Not one hundred percent true. There was one sight line. The clock tower itself. The problem with it, though, was she would be out of sight while at the base and if they deviated from course by even a meter, there was a solid chance I’d lose them.

This was not an acceptable margin of error.

“Understood,” McQuade said. “We’re coming around to drop her off. South side.”

“Copy.”

The sun played peekaboo with the clouds. The weather had called for partly cloudy, but I didn’t think anyone had actually informed the weather itself. The clouds were thicker and darker. They carried the promise of rain and something chillier.

So far, the only thing going according to our intel was the moderate size of the crowd coming and going from the outdoor mall.
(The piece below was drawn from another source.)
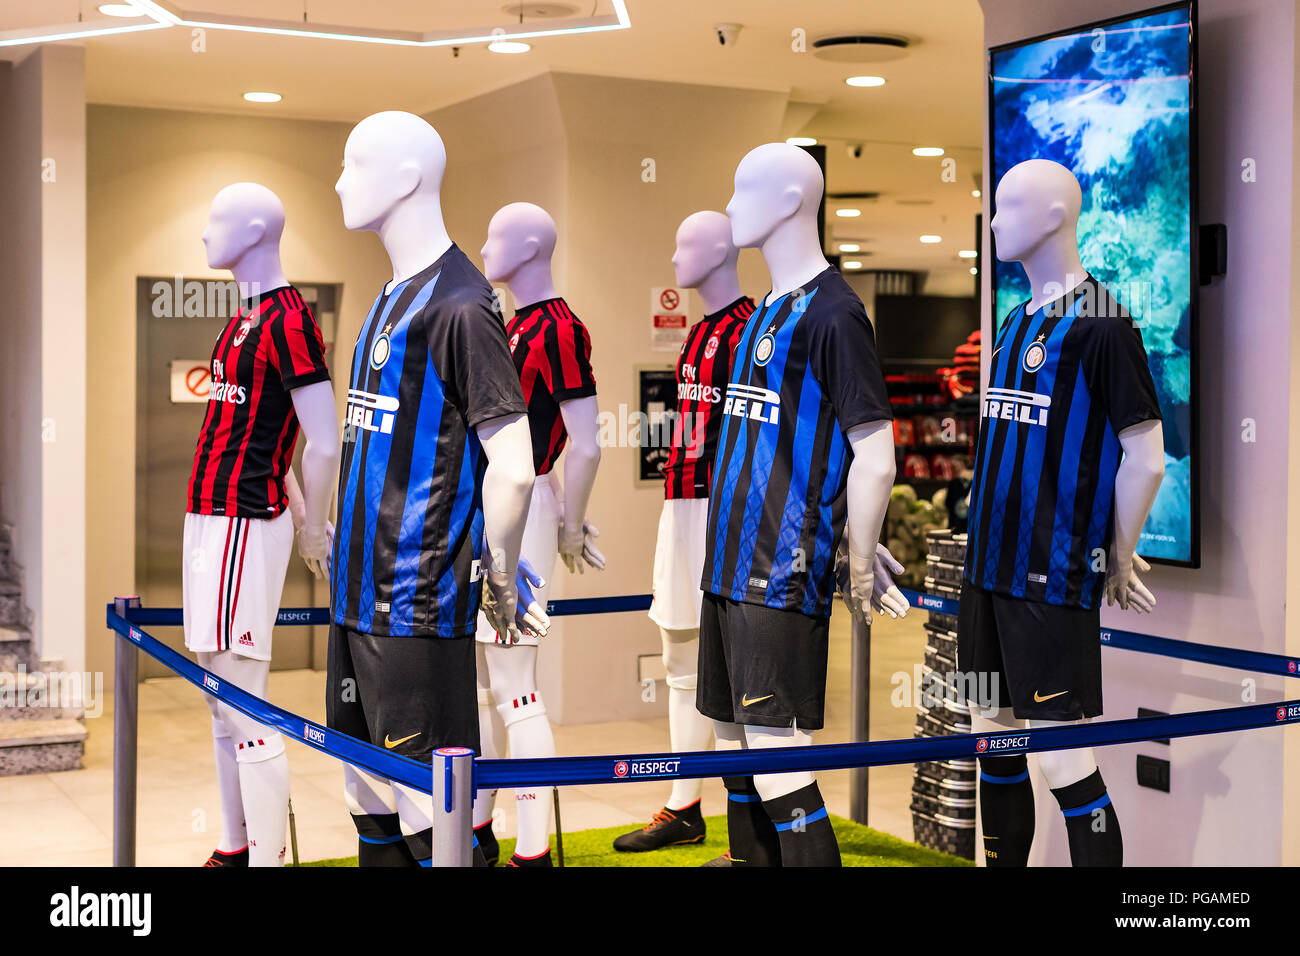 7 giugno 2018, Milano, Italia: Store ufficiale FC Inter e Milan ,  abbigliamento e calzature team di souvenirs e oggettistica per i tifosi  della squadra un Foto stock - Alamy

Wind swept through, bringing a slash of icier temps with it.

I caught sight of Patch the moment she slipped out of the car. McQuade didn’t exit with her. He wouldn’t. They’d pull forward to another set of cameras and let him get out there before Locke went to park.

Maybe one of us should stay with the car.

“I have her,” I said. There was a distinct crackle on the line that had me adding, “umbrella and I was going to pick up lunch. Thoughts on dining out?”

As codes went, it wasn’t sophisticated.

“Not really hungry,” Locke said. “But she might have picked up something already. So check with her first.”